Holi is an exuberant show of goodwill and love between humans and for their Gods. The actual festival of Holi takes place on a day called Parva (the actual day depends on the season, this year it is on March 10, last it was March 20).
Children, friends and neighbors gather on the streets and a riot of color takes over. Colored powders called abeer or gulal are thrown into the air and smeared on faces and bodies. Gulal is made up of many rich colors like magenta, red, yellow and green. Abeer is made of small crystals or paper like chips of mica. This is usually mixed with the gulal to give it a rich shine. These colours can be used dry, or mixed with water. Pichkaris are filled with colored water and this is spurted onto people. Water balloons are thrown at friends and neighbors in the spirit of fun. Sometimes, mud baths are prepared and people are dunked into this amidst much laughter and teasing. The visitors carry abeer or gulal to pay their respects to elders by sprinkling some on their feet. The younger crowd is drenched with buckets of coloured water and pummeled with water balloons. Dholaks, or Indian drums, are heard everywhere and the songs of Holi are carried by the voices of the people.

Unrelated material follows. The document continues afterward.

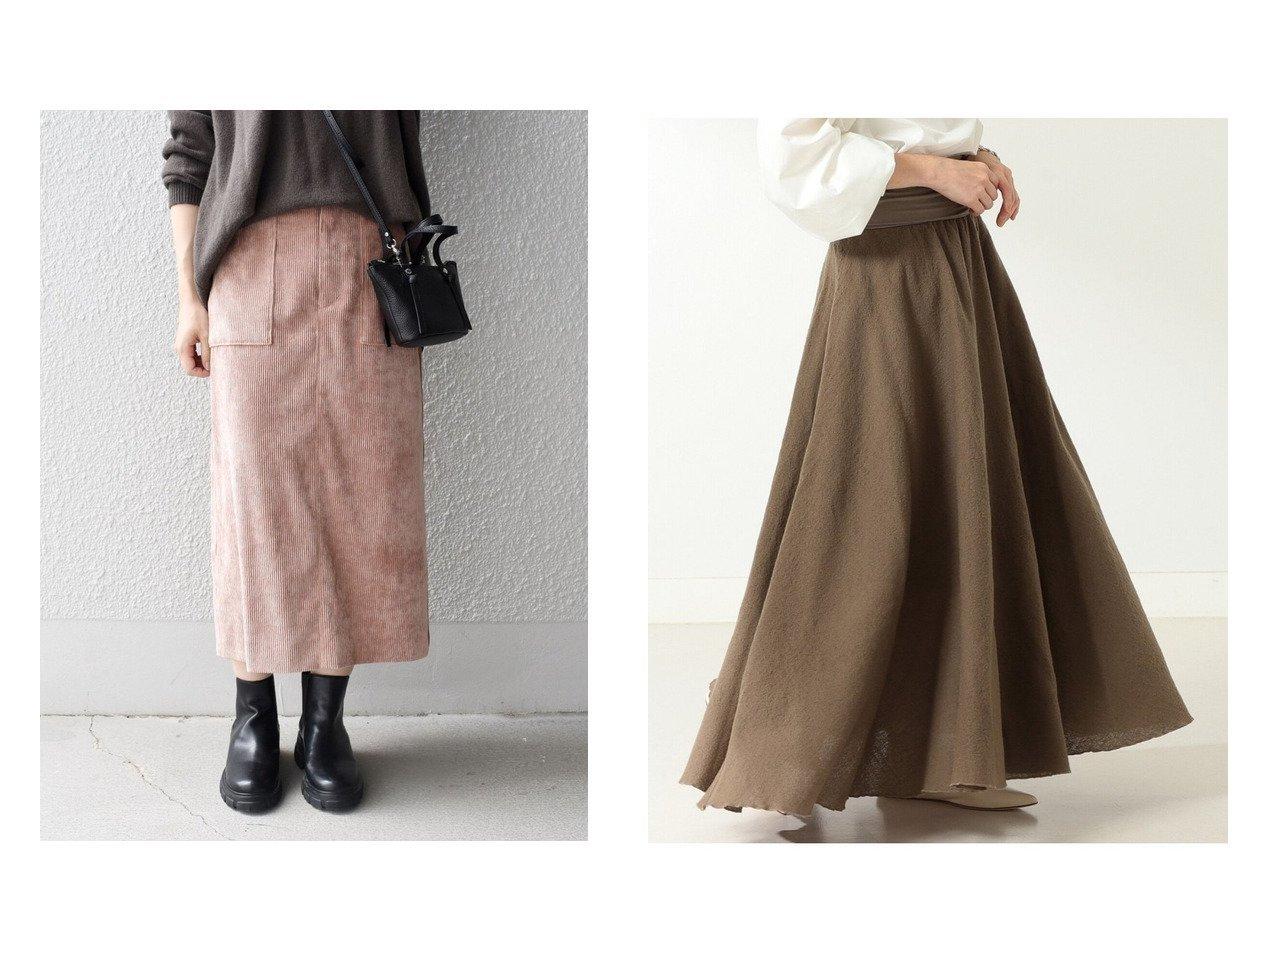 【Demi-Luxe BEAMS/デミルクス ビームス】のAK+ 2WAY ウールマキシスカート 21AW&【SHIPS/シップス フォー ウィメン】の手洗い可能 コーデュロイタイトスカート 【スカート】おすすめ!人気、トレンド・レディースファッションの通販 おすすめで人気の流行・トレンド、ファッションの通販商品 インテリア・家具・メンズファッション・キッズファッション・レディースファッション・服の通販 founy(ファニー) https://founy.com/ ファッション Fashion レディースファッション WOMEN スカート Skirt ロングスカート Long Skirt コーデュロイ シューズ シンプル ストレッチ タイトスカート バランス フラット NEW・新作・新着・新入荷 New Arrivals パターン ベーシック メンズ ロング ワッシャー A/W・秋冬 AW・Autumn/Winter・FW・Fall-Winter 2021年 2021 2021-2022秋冬・A/W AW・Autumn/Winter・FW・Fall-Winter・2021-2022 |ID:crp329100000070686

There isn't any worship associated with this festival of colors. However, some of the colored powders are smeared on the faces of the Gods, especially Krishna and Radha, at the commencement of the festivities.
The colors themselves represent the death of winter and the rebirth of the vibrant Spring. The night before the festival, the dead leaves and branches left over from winter are burned in a huge fire. The fire metaphorically meaning the death of evil.
The festival of Holi also has its traditions. On the day of the festival, children are painted to represent Gods and are given candy or some gift by passers-by. My personal favorite, is the custom of unmarried women getting to beat whomever they are interested in with a stick. As the colors are being thrown in the air, the single women pick out a male they like, and holding their veil back with one hand so that all you can see is one painted eye, they beat him as hard as they can while his back is arched and everybody laughs about it.
At the end of the festival, all the colors that have been thrown onto people have been mixed to be a dark grayish color. You can't distinguish one person from the next. This is a metaphor for everybody being not a seperate soul, but as part of one universal soul.
Perhaps the rest of the world should take notice of this. Very seldomly do you ever hear about masses of people just letting loose, having a good time, and showing love for one another unreservedly (even if it is by thrashing you with a stick).